Wahana Lingkungan Hidup (Walhi) memprediksi deforestasi, pencemaran lingkungan hingga kriminalisasi terhadap aktivis lingkungan diprediksi meningkat pada tahun 2025.
Deputi Eksternal Wahana Lingkungan Hidup, Mukri Friatna, mengatakan metode penyusunan ini disusun pada masa pemerintahan sebelumnya pada tahun 2024 yang mengusung nawacita dan UU Cipta Kerja.
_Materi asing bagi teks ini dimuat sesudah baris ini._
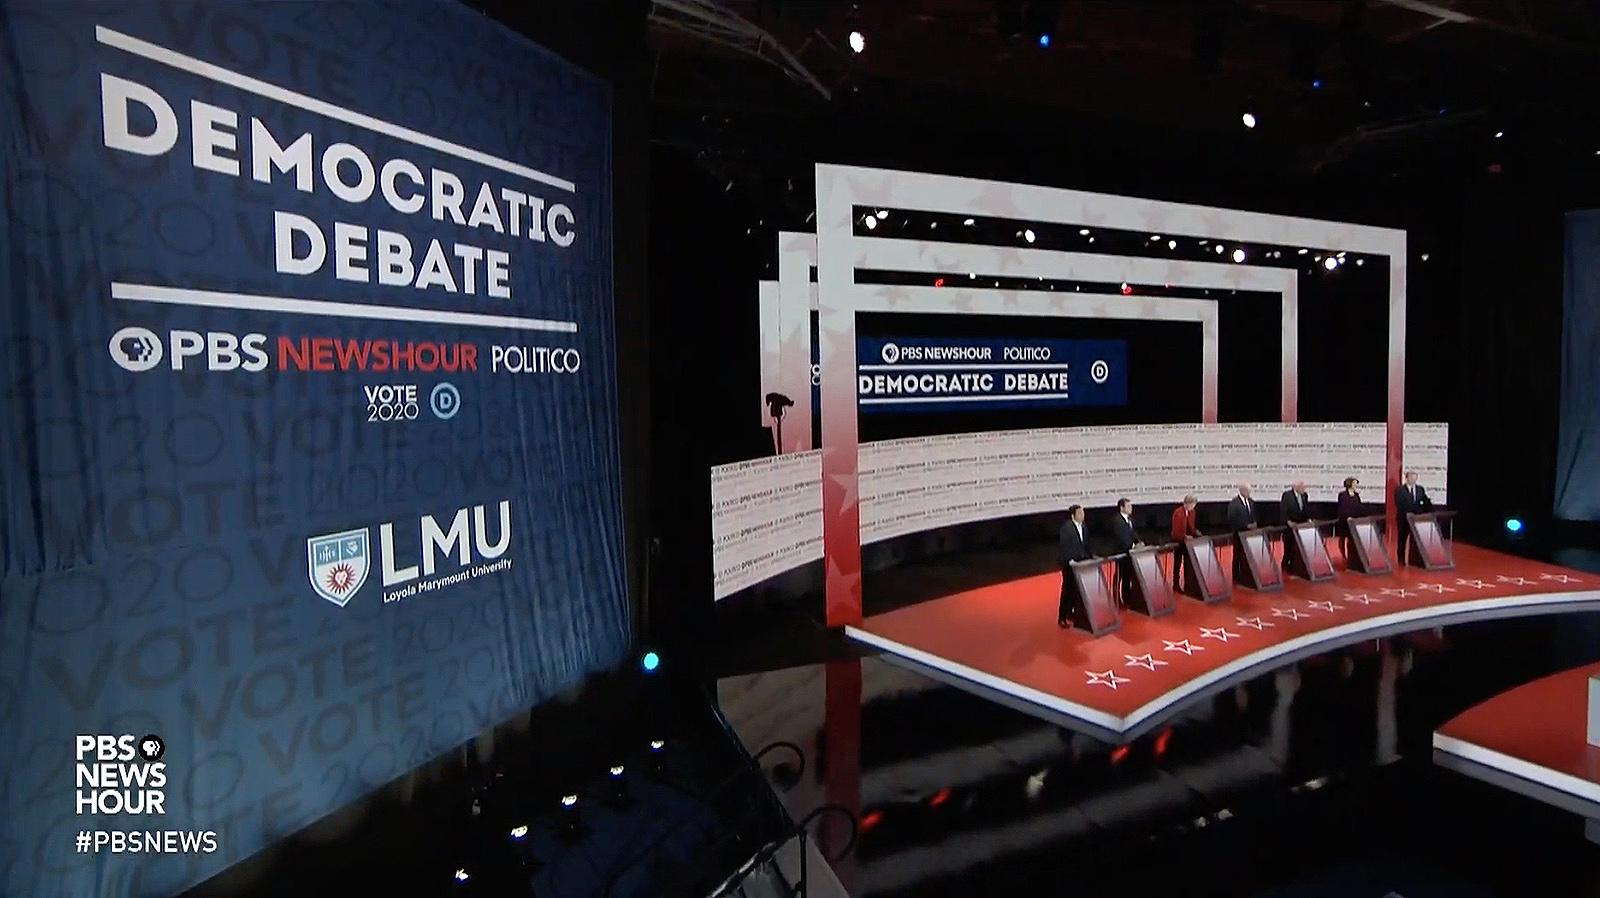 NCS_PBS-NewsHour_Politico_Democratic-Debate_001

“UU inilah (Cipta Kerja) yang mengkerdilkan peran partisipasi publik, melemahkan instrumen pengendelian pencegahan kerusakan atau pencemaran lingkungan, dan ini juga instrumen bakal lahirnya konflik,” kata Mukri dalam diskusi bertajuk “Peluncuran Tinjauan Lingkungan Hidup 2025: 101 Hari Prabowo, Lanjutkan Krisis Lingkungan dan Demokrasi”, Kamis, 16 Januari 2025.
Mukri mengatakan dari UU Cipta Kerja yang kemudian melahirkan terbitnya peraturan pemerintah salah satunya PP No.26 tahun 2023 tentang sedimentasi laut. Dari peraturan UU Cipta Kerja juga melahirkan peraturan pemerintah nomor 42 tahun 2022 yang memberikan kemudahan untuk pembangunan terkait Proyek Strategis Nasional.
“Demikian juga pada tata ruang, maka akan melahirkan diskresi dari menteri maka akan dianggap selesai,” katanya
Kemudian yang terakhir prediksi ini juga berdasarkan pada pada anggaran yang dilakukan pemerintah pada tahun 2025 untuk penyelamatan kawasan hutan dari Kementerian Perhutanan hanya sebesar 6,2 triliun untuk reforestasi 3.400 hektare. Padahal, Walhi, mencatat deforestasi pada tahun sebelumnya berada pada angka 0,2 juta hektare. Hal ini berarti reforestasi yang dilakukan pemerintah belum terjawab sepenuhnya.
Berkaca pada anggaran tersebut Walhi menilai pada tahun 2025 justru akan ada peningkatan deforestasi hutan berkisar 0,5 hingga 0,6 juta hektare, meningkat dari 0,2 juta hektare pada tahun sebelumnya.
Lebih lanjut, ia menyingung proyek food estate dari 3,2 juta hektare 1,2 juta hektare merupakan kawasan hutan dan lebih dari 500 juta hektare merupakan kawasan hutan alam. Selain itu, pemakaian izin pinjaman kawasan hutan untuk kawasan pertambangan mineral dan logam luasnya mencapai 9 juta hektare.
Mukri menambahkan keberadaan proyek strategis nasional juga diprediksi akan menyumbang peningkatan deforestasi 250-300 persen menjadi 500 sampai 600 ribu hektare di tahun 2025.
“Belum lagi kalau ditambah dengan kerusakan atau izin-izin baru untuk sektor pertambangan, mineral dan batu bara. Satu lagi terkait dengan pemutihan kelapa sawit seluas 3,3 juta hektare yang masuk dalam kawasan hutan ” katanya.
Pada prediksi pencemaran lingkungan, Walhi memprediksi pencemaran terjadi pada udara dan air yang berada di pesisir pantai. Objek daerah yang akan terdampak pada daerah yang terkena objek pertambangan karena program hilirasi terutama pertambangan nikel.
“Pertama untuk Maluku Utara di Halmahera Tengah, kemudian Sulawesi Tengah, Sulawesi Tenggara dan Sulawesi Selatan,” katanya
Dari 119 smelter yang beroperasi, mayoritas penggerak industrinya menggunakan batu bara untuk PLTU. Kemudian setiap harinya, volume limbah udara dan limbah padat yang dihasilkan mengandung bahan beracun dan berbahaya (B3), yang sering dibuang ke pantai.
Lalu, prediksi Walhi terakhir mengenai peningkatan kriminalisasi ruang hidup masyarakat yang menolak aktivitas pertambangan. Peningkatan ini didasarkan pada PSN dan Food Estate yang tengah berjalan.